I live in a flat in a GuestHouse. There is a beautiful courtyard garden which I can look down on from my windows. A few days ago, there was an engagement party in the garden. It was beautiful. From time to time during the evening I watched in a kind of cultural voyeurism, seeking to know better how to "belong". As I watched during the evening, two friends who work at the GuestHouse and were serving that night weaved through the crowd, looking movie-star handsome in their black slacks, white shirts, and black bowties.

'Round about 10 pm, the party had broken up and the clean-up was just about finished. There was a knock at my door. It was one of the two guys who had worked that evening. His wife had been taken to the hospital and he asked if I would drive him there and go with him. So the three of us went.

His wife was in the emergency room, thankfully doing fine. She had fallen and had some bumps and bruises. The hospital is a large one in East Jerusalem whose staff and patients are just about exclusively Arab. Late at night like that, I was the only foreign face for miles around. I stood with my friends, waited for and talked with the doctors to find out what the situation was, watched all the people coming and going.

I realized with a suddenness that startled me that I wasn't alien to my two friends that evening in the ER. I was just with them. Not in a Presence way - I wasn't there to "support" or do anything. I was just there because they knew I would go with them and they weren't afraid to ask me. The cultural prohibitions against that - and there are many - were no longer operating with us.
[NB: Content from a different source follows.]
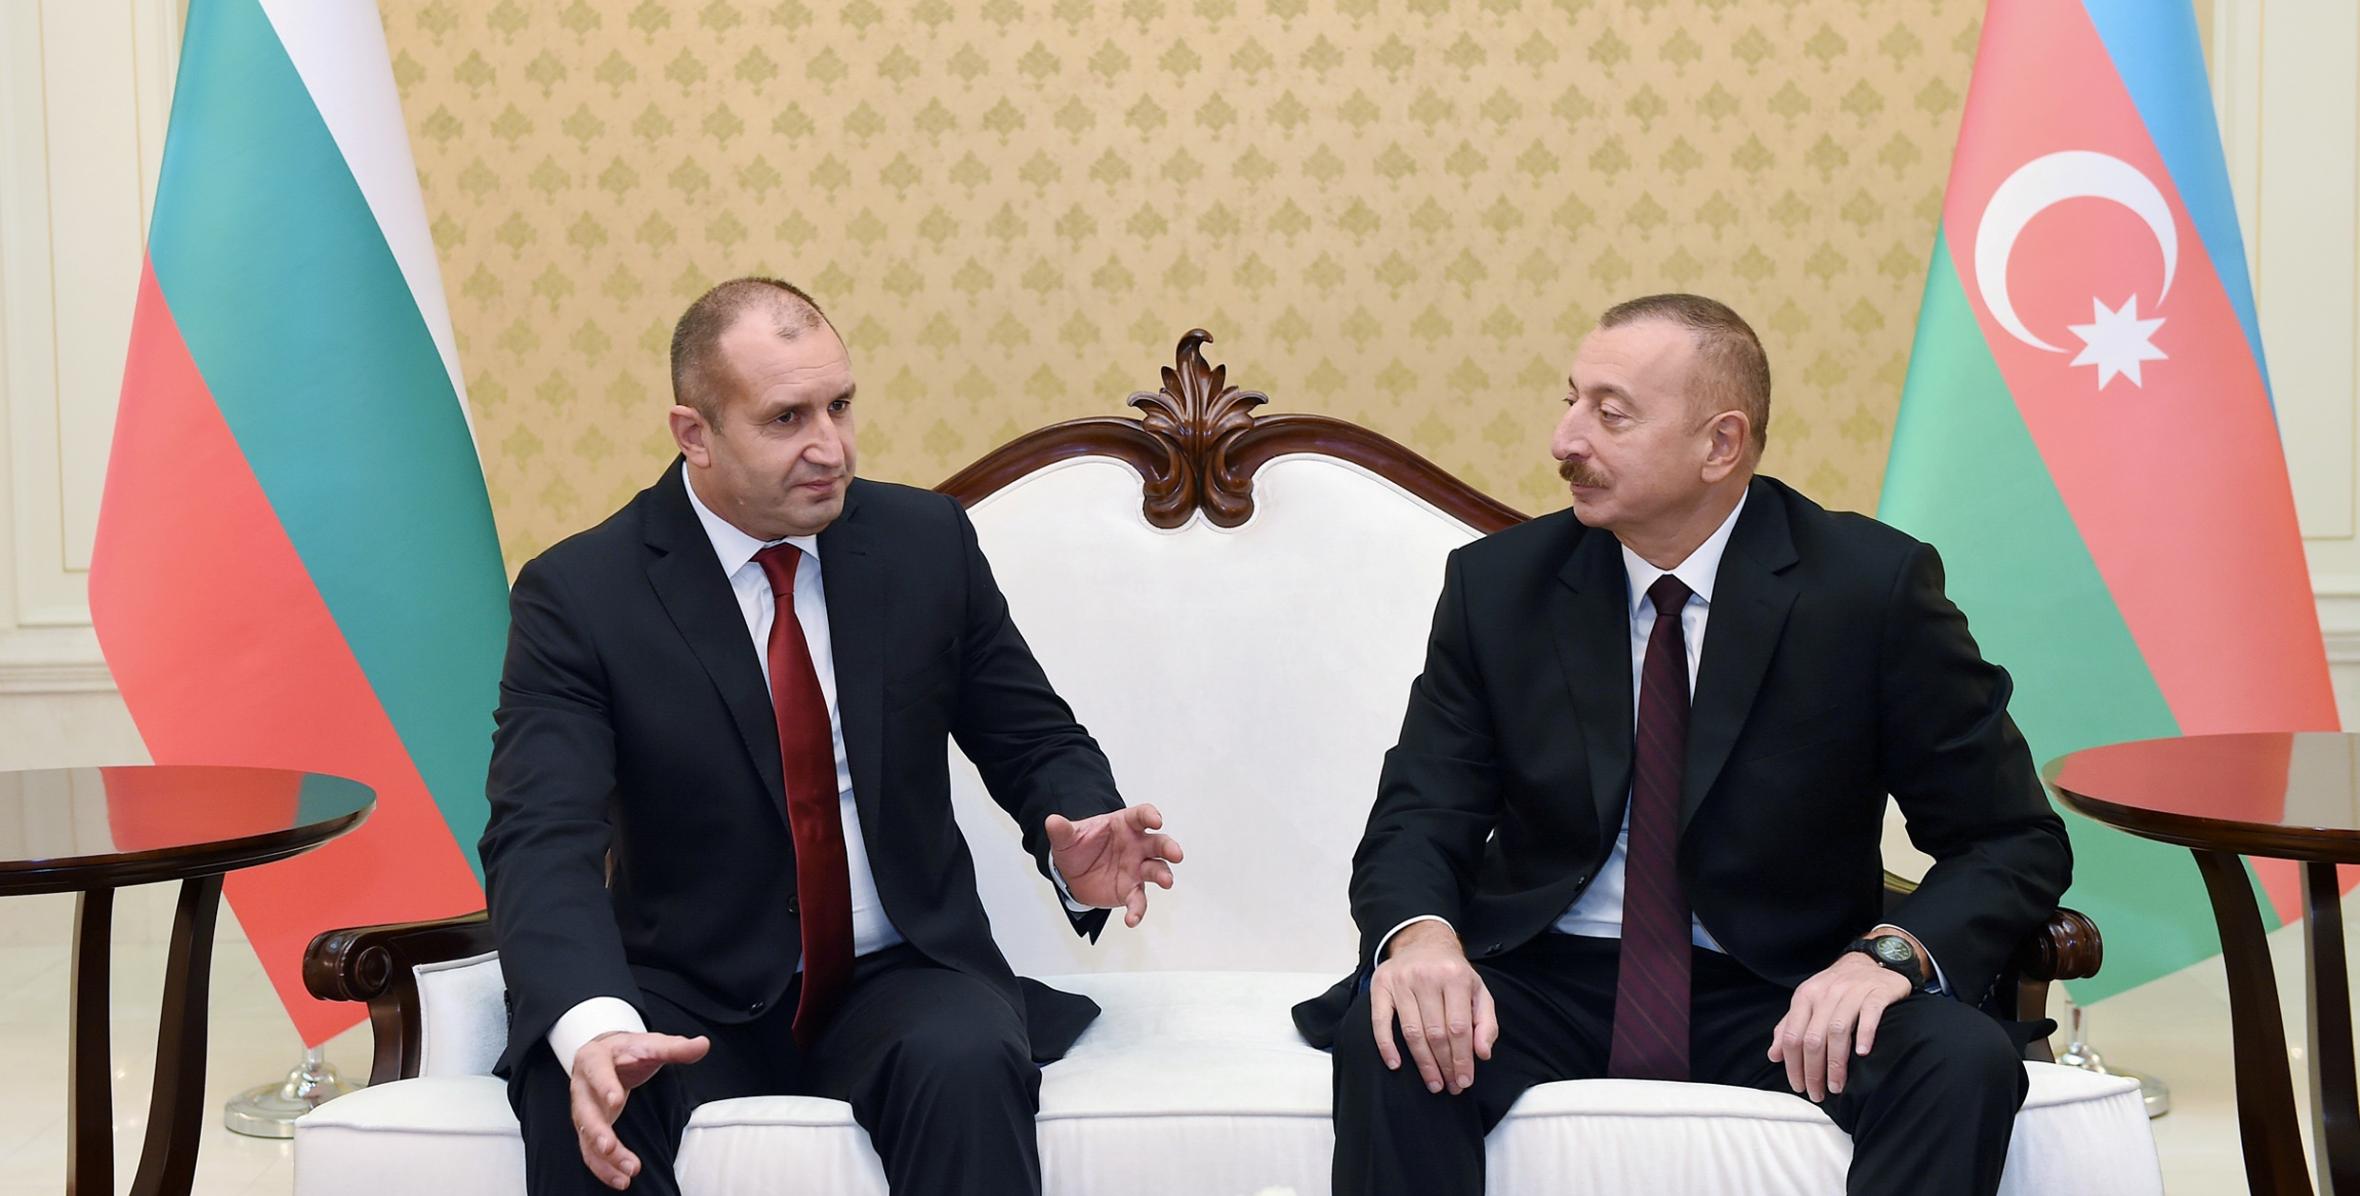 Ilham Aliyev, first lady Mehriban Aliyeva met with Bulgarian President Rumen Radev and his wife Desislava Radeva

We were there together just because we know each other.......

Just steps from where I'm sitting right now occurred some of the most momentous events in all of human history. Some believe God incarnated and walked here. Died and rose from the dead. Some believe that a people here in ancient times were chosen by God to be an example of devotion for all future generations. Some believe a great Prophet came here one night in a miraculous mystical journey.

Millions of people come here to see where these things happened. To hear stories about them, pray about them, wonder about them, be transformed by them.

When I leave here someday and think back on this time, it won't be those events or places that I remember. It will be an evening that I spent in an ER with some friends.